Ее купе крошечное, не то что номер люкс, как у меня и Рори. Здесь недостаточно места, чтобы поставить банкетку, стол и кровать одновременно. Поэтому двое проводников приступают к процессу, который обычно проводится во время ужина: превращению банкетки в кровать. Я остаюсь с Каро, а Рори идет за доктором. Как только кровать установлена, Каро закутывается в широкий темно-синий халат из жаккардовой ткани с тиснением от «Восточного экспресса». Она натягивает капюшон на голову, теперь она похожа на члена одного из элитных университетских тайных обществ. Затем забирается на кровать, сворачивается калачиком и поворачивается лицом к окну.

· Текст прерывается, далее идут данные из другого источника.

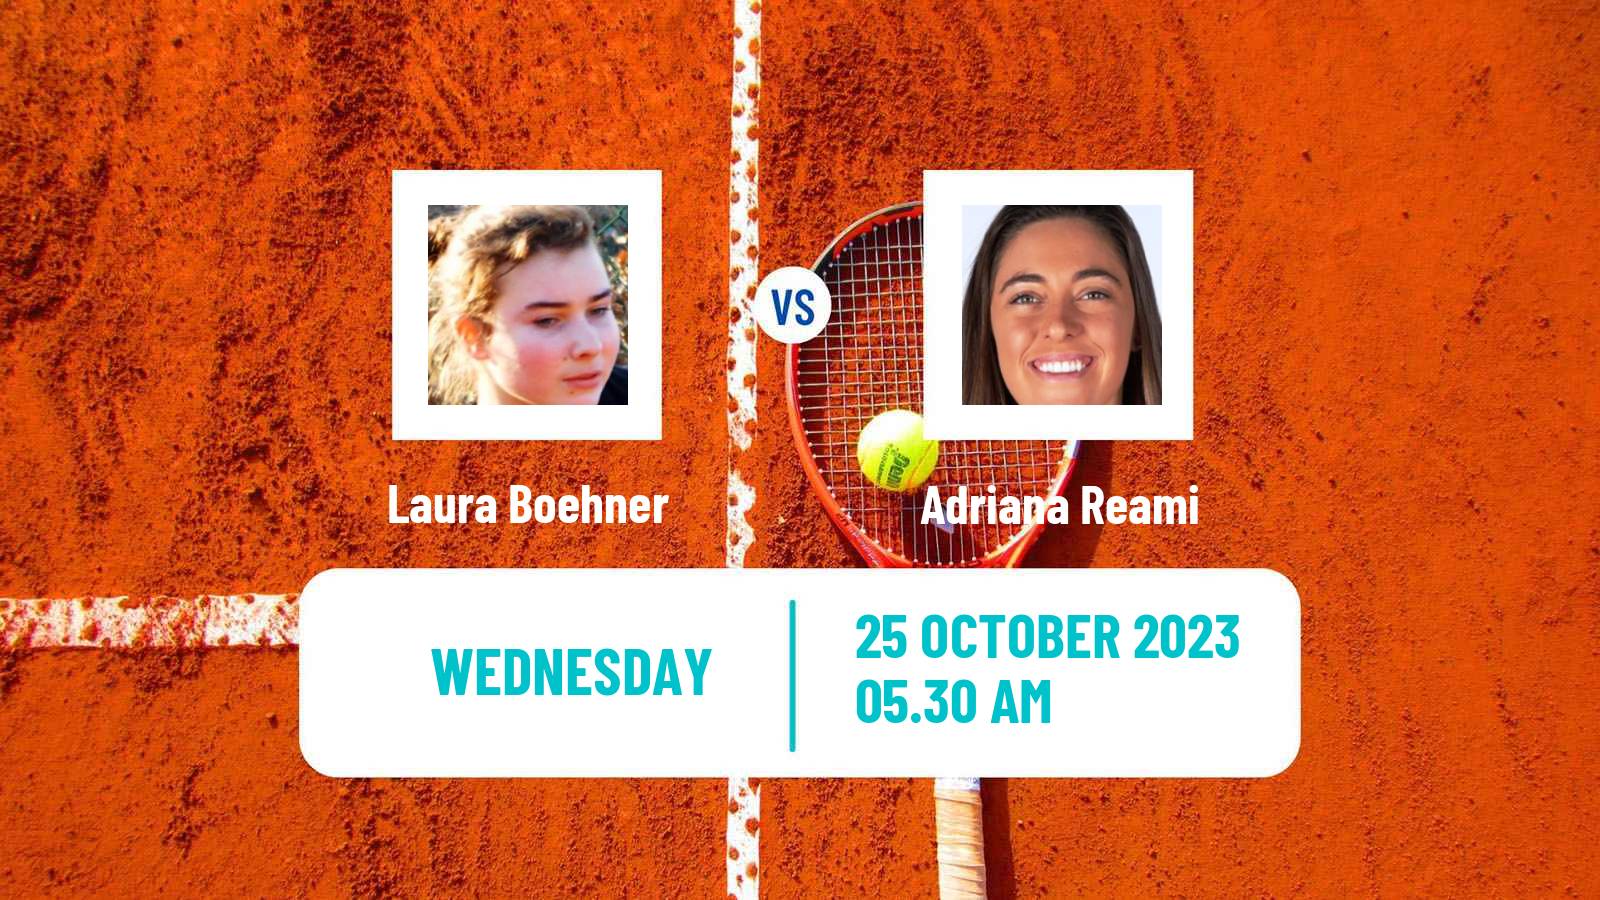 Tennis ITF W15 Villena Women Laura Boehner - Adriana Reami

Появляется доктор, и мы с Рори теснимся, чтобы ему было удобнее. Доктор просит Каро снять капюшон, затем засовывает свой стетоскоп под халат. Наконец он заявляет, что с ней все в порядке, fisicamente.
– Физически, – переводит Габриэле из коридора, так как втиснуться в купе нет возможности. Он только что пришел, полагаю, его вызвала Рори. Или же Джиневра снимает нас скрытой камерой. Меня бы это не удивило, учитывая, что Рори вкратце рассказала мне в такси.
О ящике, полном информации о нашем детстве. Это странно.
Более того. Жутковато.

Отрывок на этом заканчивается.